This charming and highly attractive pocket watch is a fine example of the skeletonized automaton repeating watches that were so popular during the opening years of the 19th century. The figures flanking the dial are made of chased and engraved multicoloured gold and are based on figures from classical antiquity. When the repeating is activated by depressing the pendant, the two figures seemingly strike two bells in unison with the repeating which is actually sounded on two gongs in the movement. The present watch is elevated to a higher level in featuring two further automatons in addition to the ‘Jaquemart’ figures. At the bottom of the scene, a goat nods its head, the goat is symbolic of the sin of lust and signals to the observer that a secret lies within – by means of a small slide on the case band, the goat panel moves to the side to reveal an erotic scene of a couple on a daybed for the private pleasure of the owner. The scene can be concealed again at will.
Jaquemarts have a long tradition and are mentioned in the first edition of the French National Academy's dictionary, which appeared in 1694, with the following definition:
"JAQUEMART. Figure de fer ou de fonte, reprsentant un homme arm, laquelle on met d'ordinaire sur le haut d'une tour pour frapper les heures avec un marteau sur la cloche de l'horloge."

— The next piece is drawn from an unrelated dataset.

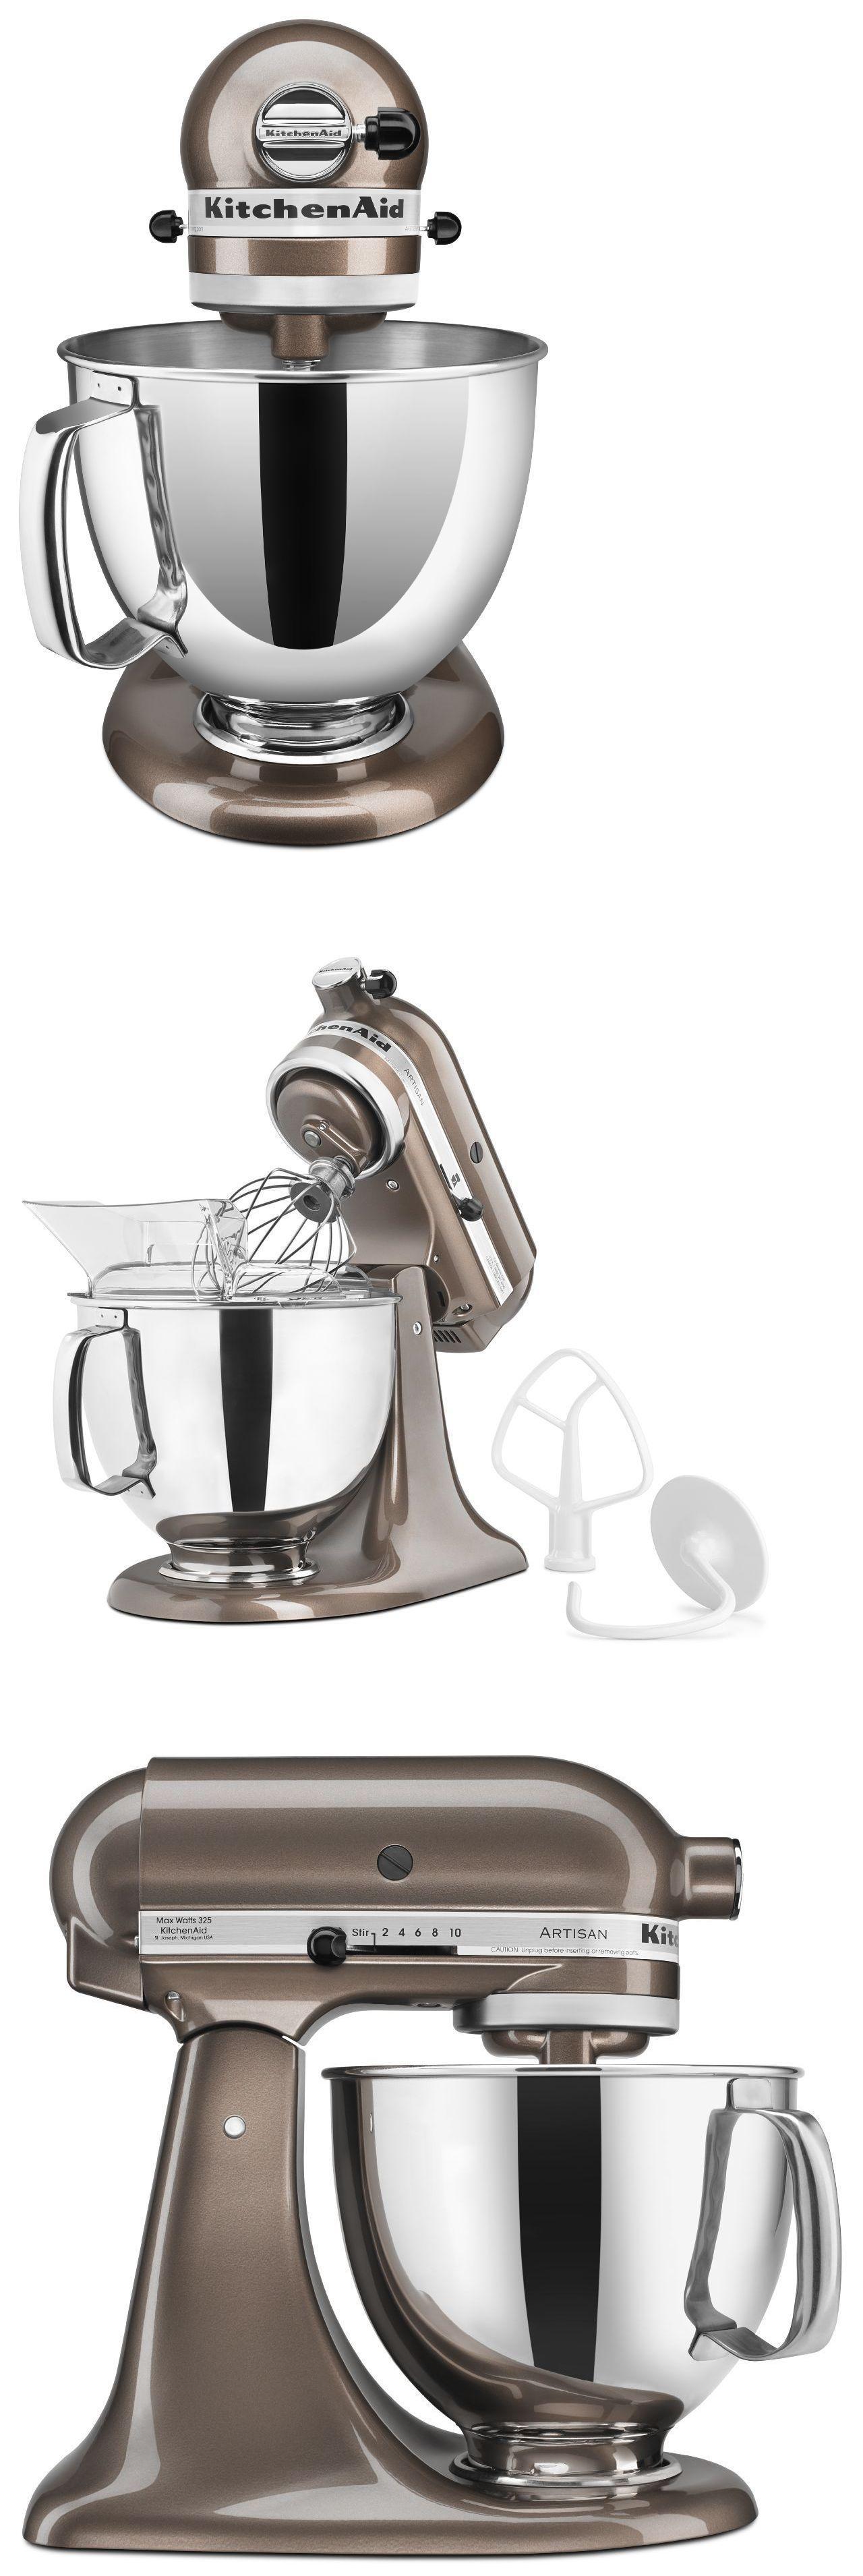 Countertop mixers 133701 kitchenaid artisan series 5

Figure made of solid or cast iron representing a man in arms, which is usually put up on top of a (clock) tower to strike the hours with a hammer onto the bell of the clock."
Watches decorated with the miniature versions of these clock tower ‘men in arms’, particularly when featuring the additional complication of a concealed erotic automaton, such as the present example, are as popular and desirable today as they were in the 19th century.